__INFORMATION__.

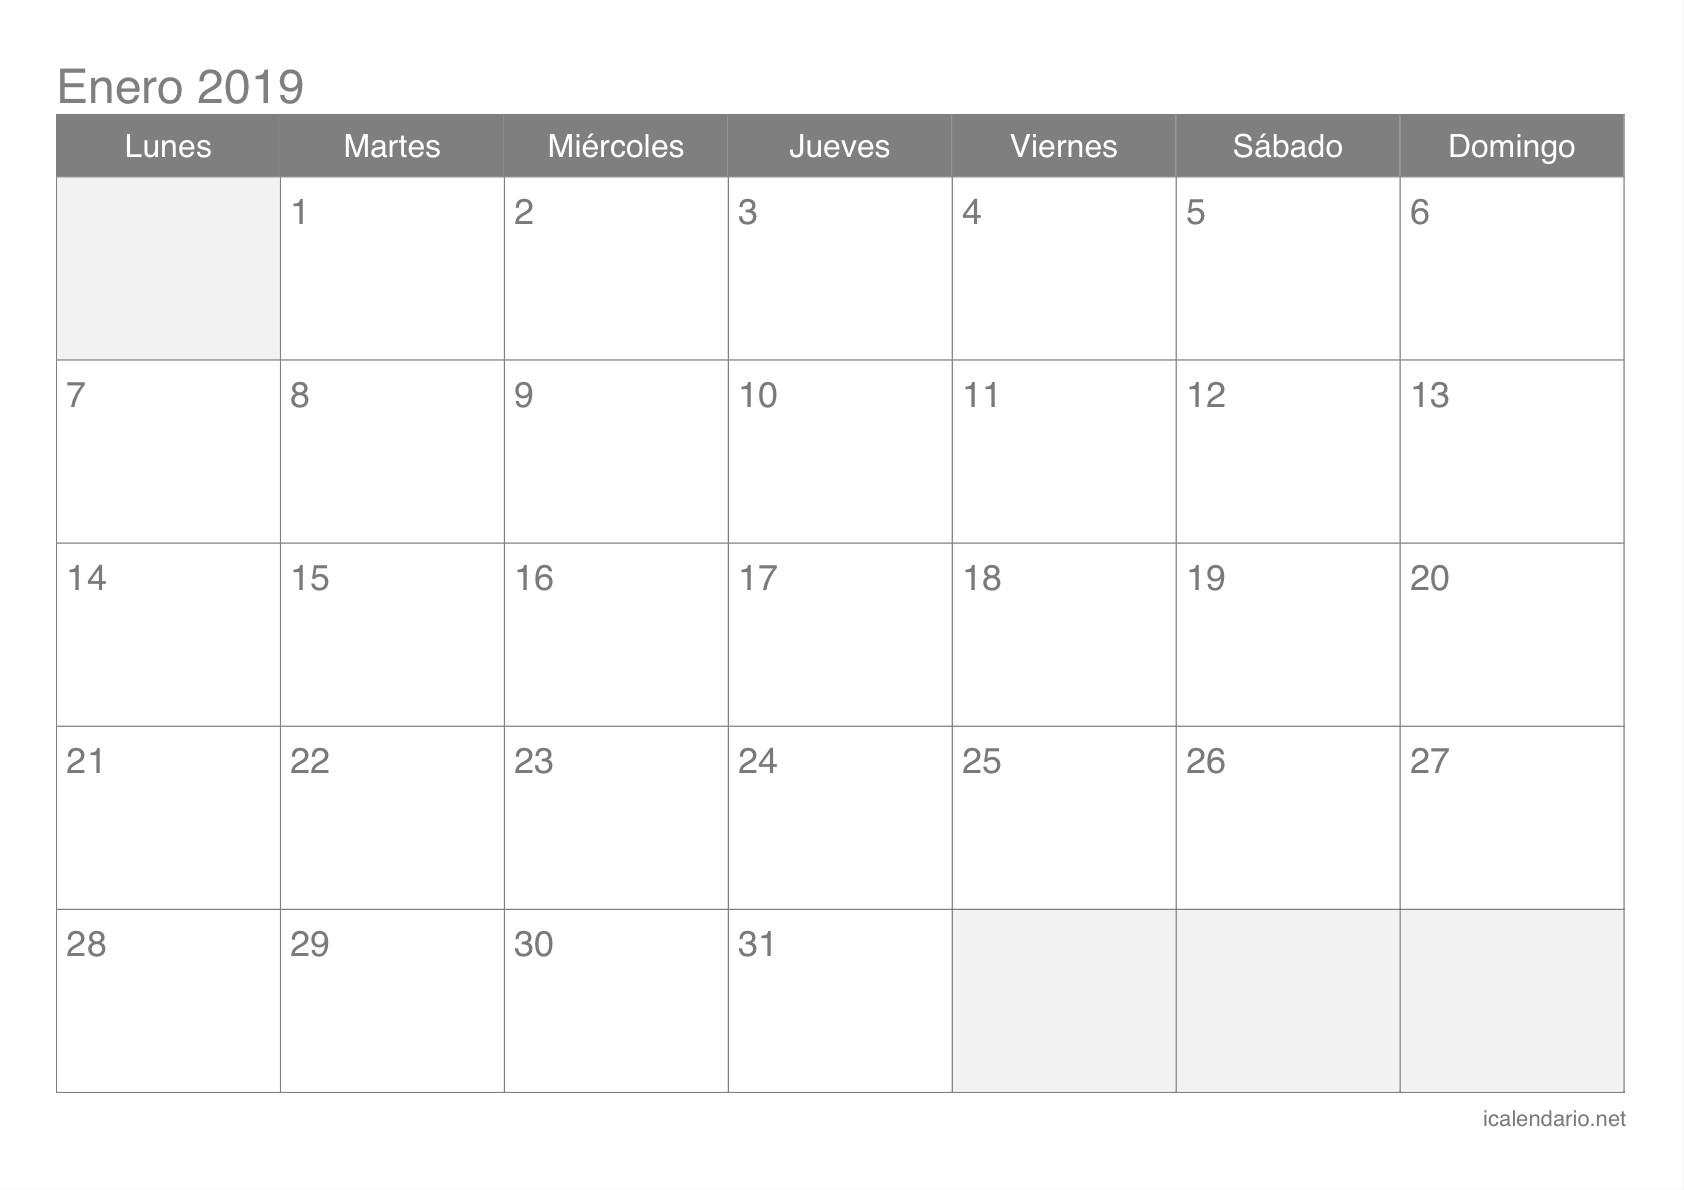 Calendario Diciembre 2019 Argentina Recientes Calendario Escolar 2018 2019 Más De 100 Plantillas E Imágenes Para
---
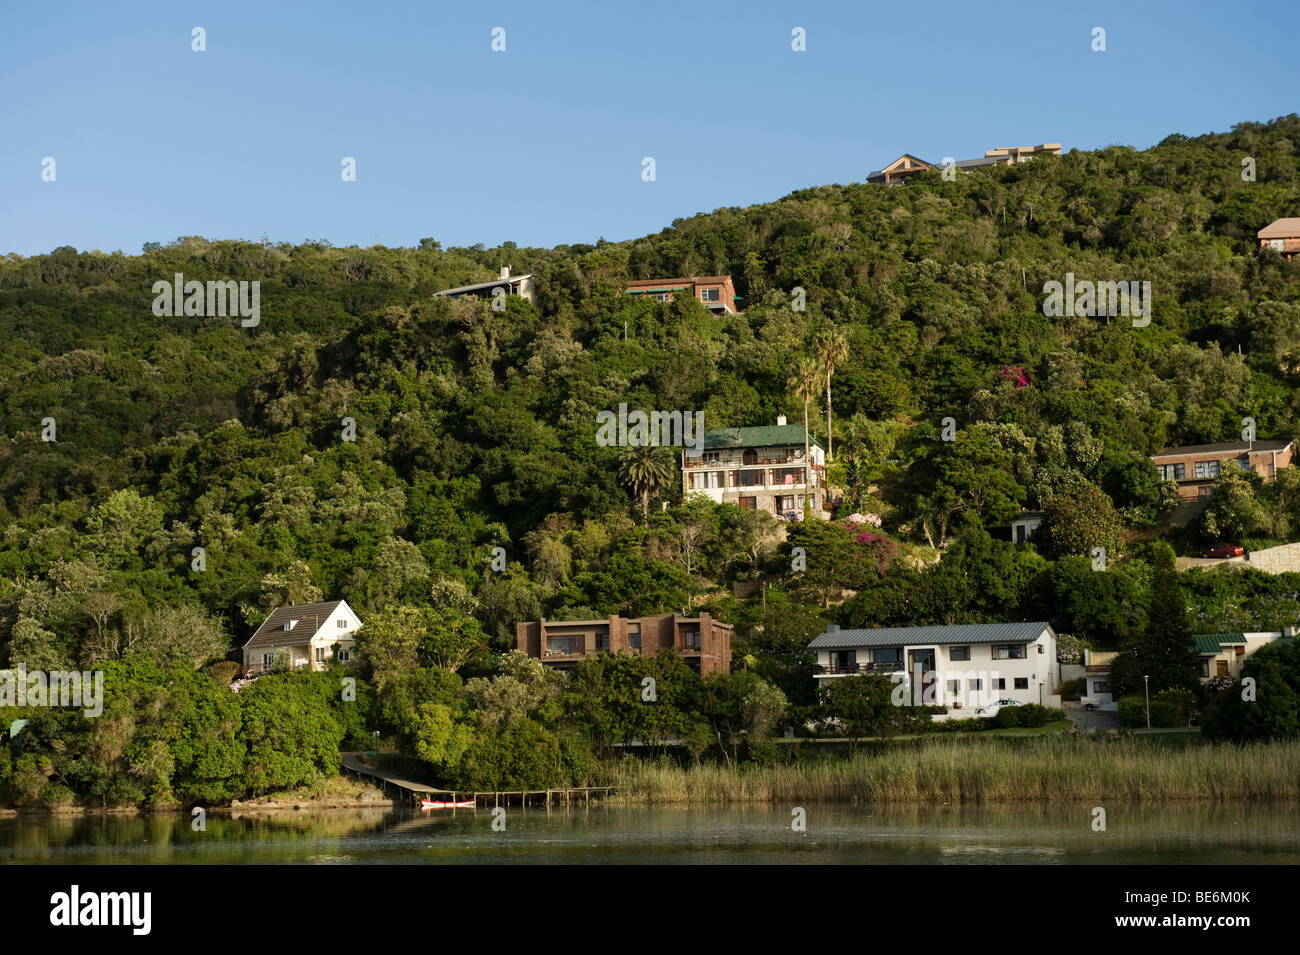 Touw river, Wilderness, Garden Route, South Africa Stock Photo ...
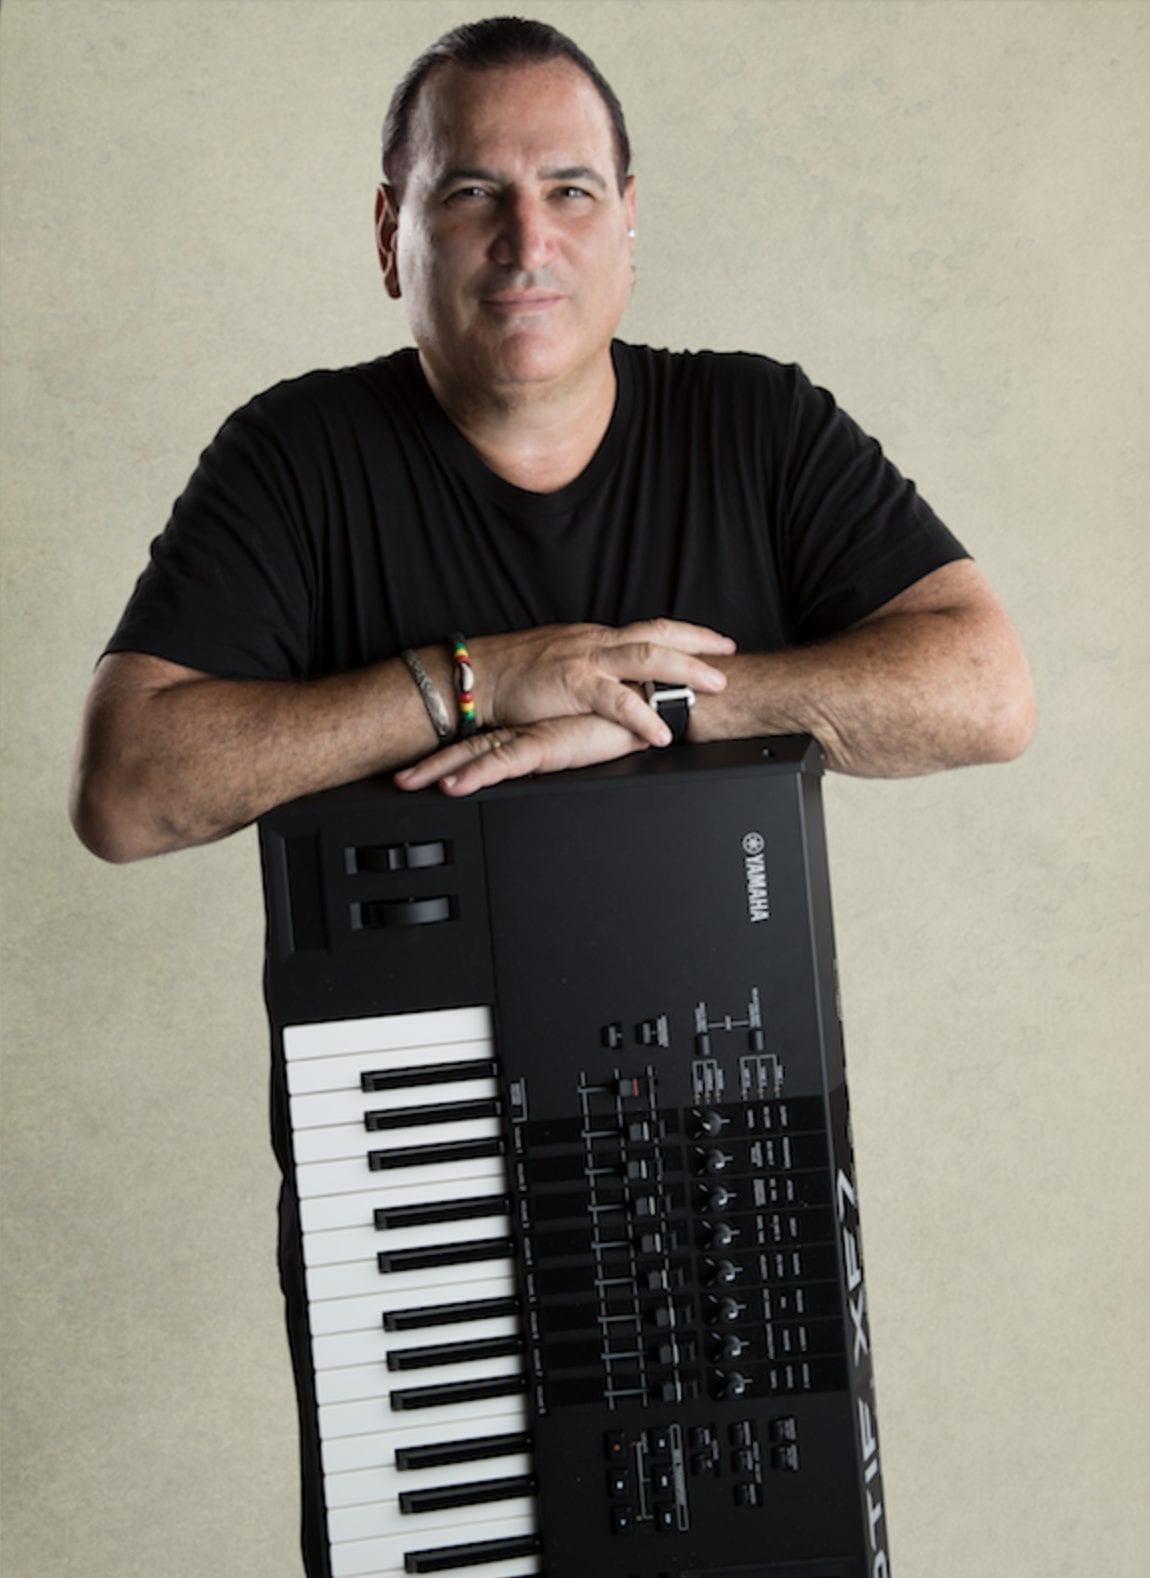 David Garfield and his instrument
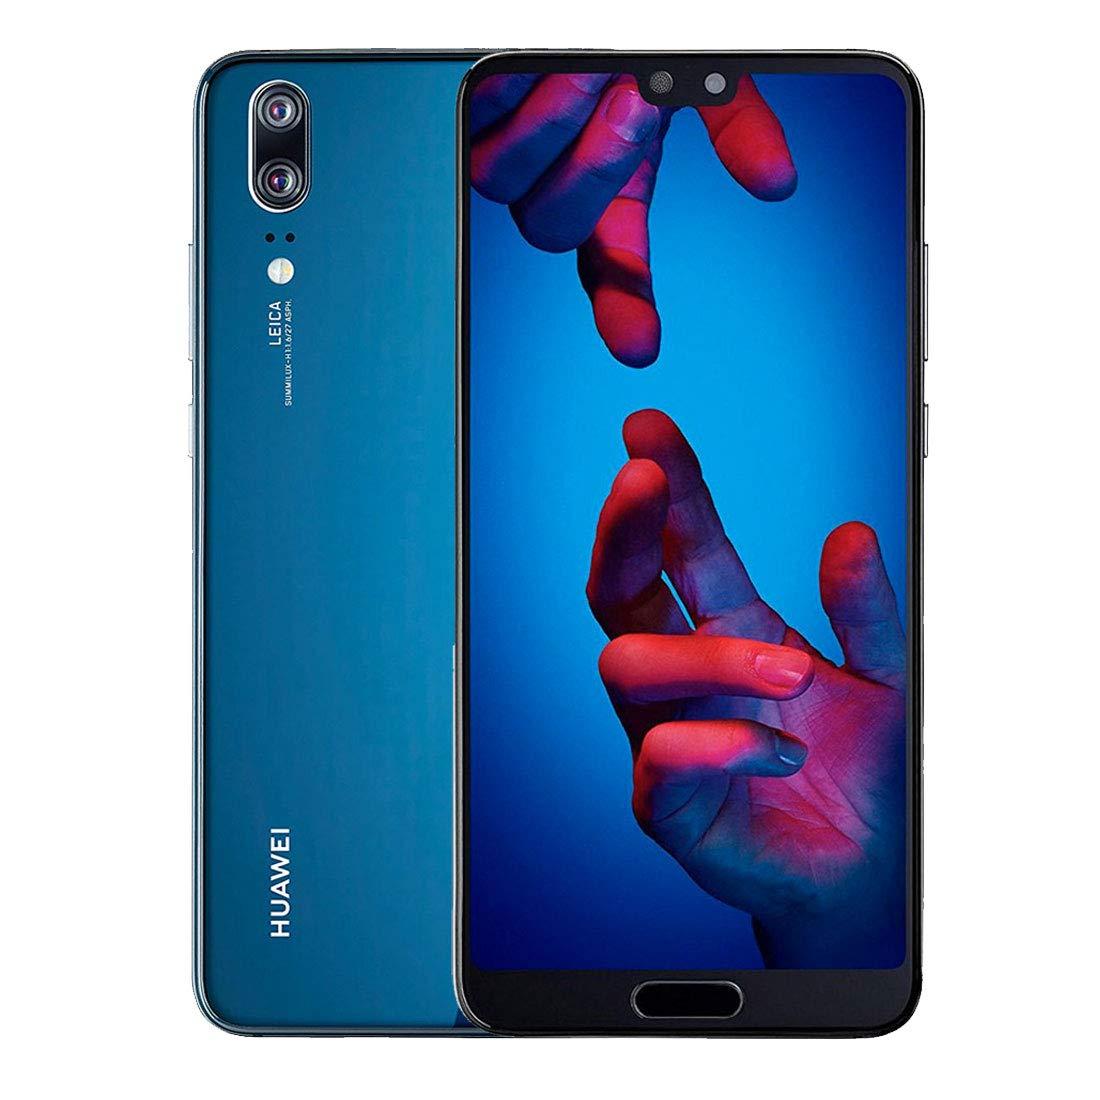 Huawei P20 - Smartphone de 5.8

__REQUIRED WORK__. The result should be an exact copy of only the lines above from the one that holds "David Garfield and his instrument" through the one that holds "Huawei P20 - Smartphone de 5.8", both ends included, without pictures.

__RESPONSE AREA__.
 David Garfield and his instrument
 Huawei P20 - Smartphone de 5.8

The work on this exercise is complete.